When you choose to replay the recording, it restarts the VM from the snapshot and faithfully re-creates the recorded execution by feeding the logged events and data back to the VM at the exact points in time when they occurred during the original execution. The result is that the exact same execution path is followed during replay. And since the log is saved to disk, you can share the exact execution scenario with others and replay it over and over and over again.

This behaviour makes Record/Replay feature incredibly useful for software debugging, but so far was unclear if it’s suitable also for other purposes. Steve finally clarifies:

We also allow you to “go live” at any time, aborting the rest of the replay and allowing new interactions and new behaviors to proceed. One analogy is autopilot for an airplane. You can disengage it at any point in the trip, go to manual control, and head off in a new direction from that point.

We’ve also added “in-guest recording control”. This lets guest software start and stop VM Record/Replay itself…

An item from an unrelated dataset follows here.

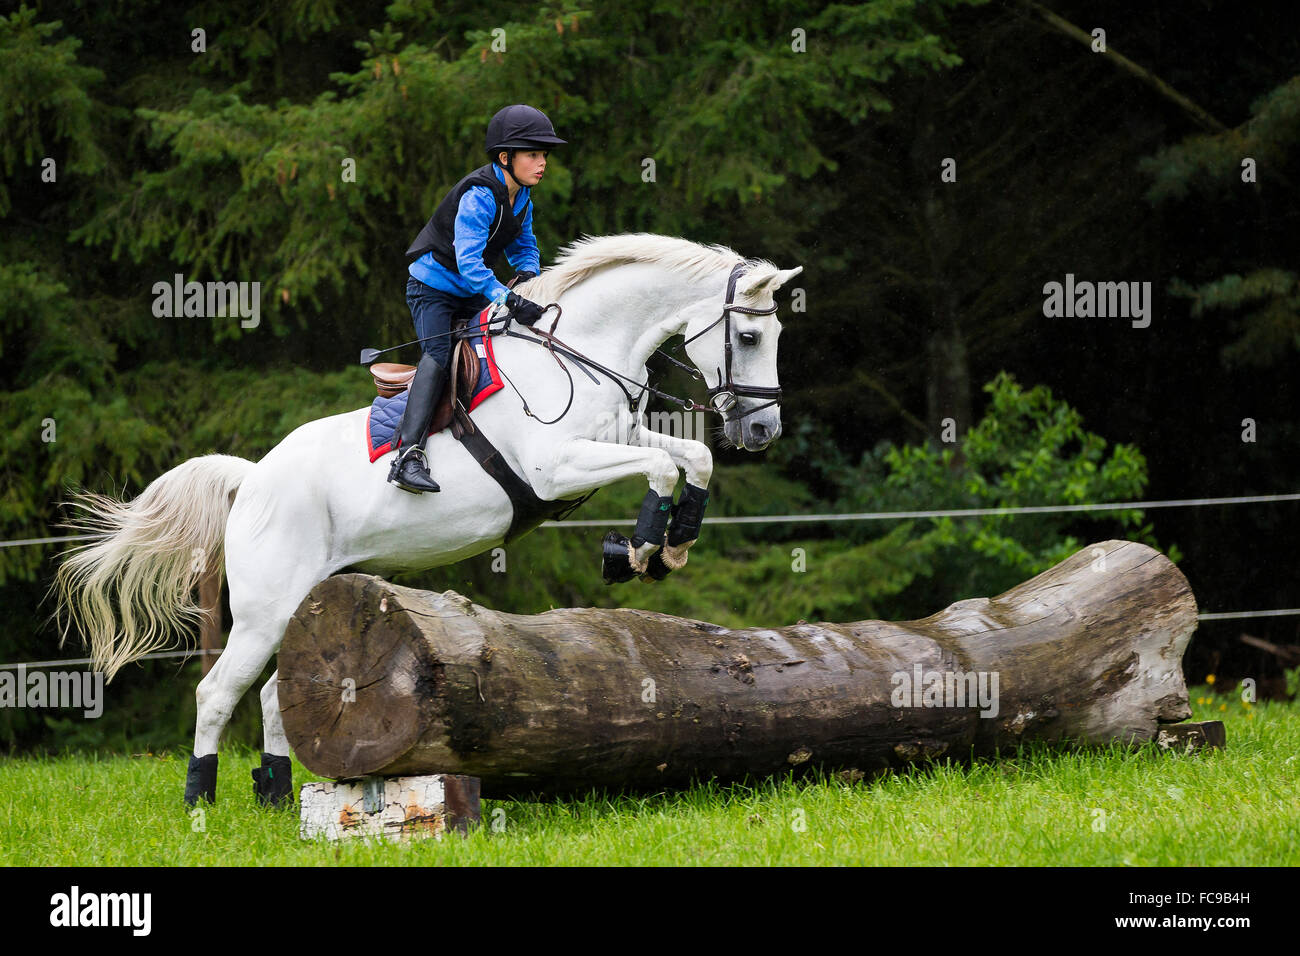 German Riding Pony. Boy on a gray gelding negotiating an obstacle during a cross-country ride. Germany Stock Photo

Capabilities to go live at any point during replay and to invoke recording from inside the guest OS, suddently make Record/Replay the most wanted feature in security industry as well.

While it has limited application in Workstation, imagine this feature available in Server and ESX Server, used for production virtual datacenters: a new class of intrusion detection systems (IDS), sitting at host or guest level and recognizing incoming malicious or anomalous traffic, may activate virtual machines recording. After attack, during forensic analysis of compromised systems, security admins may replay the whole attack and go live immediately after break in, to check which kind of exploiting technique has been used, which kind of files have been injected, etc.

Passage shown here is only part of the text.